Free, booking essential.
The Commonwealth Games Federation claims that it is ‘Uniting the Commonwealth Federation through Sport’. Whilst the relevance, legacy and leadership of the Commonwealth is hotly debated in light of its colonial roots, sport continues to divide and unite audiences under disputed concepts of shared nationhood and cultural heritage.
Join us for a reading group focusing on the chapters ‘The Light and the Dark’ from C.L.R. James’ book Beyond a Boundary and ‘England at Home’ from Stuart Hall’s memoir Familiar Stranger. All texts are read together in the group, you don’t need to read them in advance.
In ‘The Light and the Dark’ James discusses his early career as a cricketer in the colonial West-Indies:
As clearly as if it was written across the sky, their play said: Here, on the cricket field if nowhere else, all men in the island are equal, and we are the best men on the island.

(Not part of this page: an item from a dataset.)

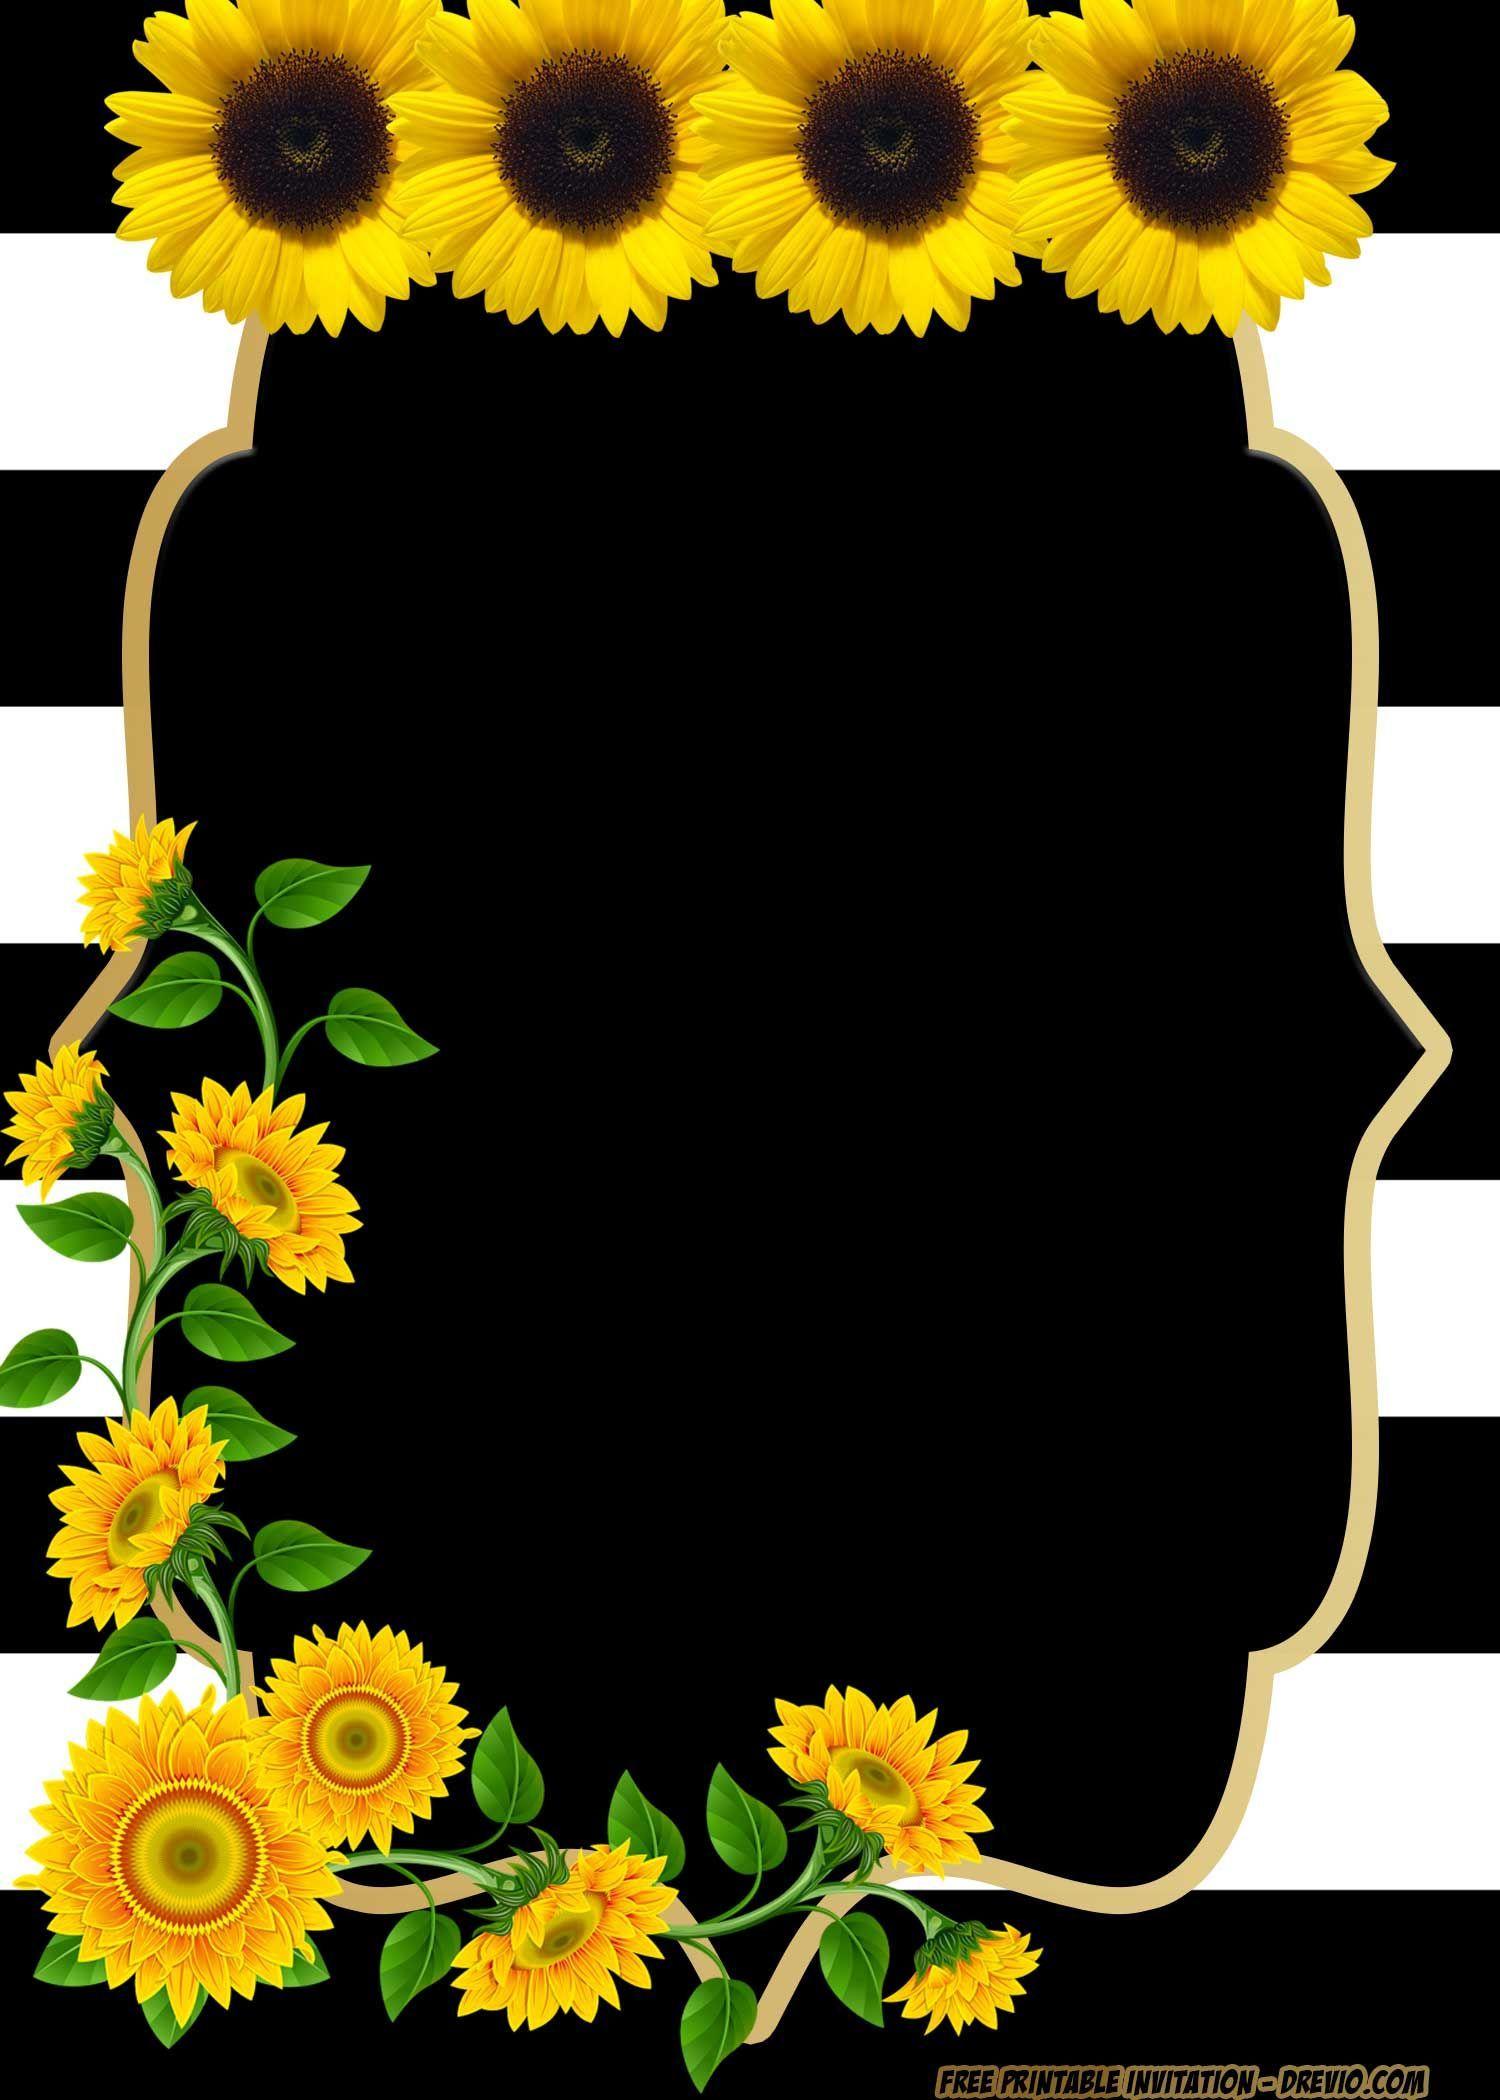 Free Printable Sunflower Birthday Invitation Templates Nice Free Printable Sunflower B In 2020 Sunflower Invitations Flower Baby Shower Invites Sunflower Baby Showers

In ‘England at Home’, Stuart Hall discusses ‘Englishness’, sport and national identities as a Jamaican who lived most of his life in the UK:
Half of ‘Team GB’ was non-white, and only in the most complex way English. I’m told the people of Somalia think that, despite being draped in a Union Jack, the incomparable Mo Farah, with his hands pointing at his bald head as if to say ‘Look what people like me can do!’, was running for them, and in a metaphorical sense he was.
C.L.R. James (1901-1989) was a Trinidadian historian and political activist who was also based in the US and the UK. His writings were influential on postcolonial discourse, and he was a well-known proponent of socialism and Pan-Africanism. He was also a keen and talented cricketer, and wrote extensively about the game.
Stuart Hall (1932-2014) was an influential cultural theorist who was born in Jamaica, but spent much of his life in the UK. He was one of the founding figures of the Birmingham School of Cultural Studies and the founder of the influential ‘New Left Review’. Until 2008 he was chair of Iniva and Autograph ABP.
This reading group is free and open to all.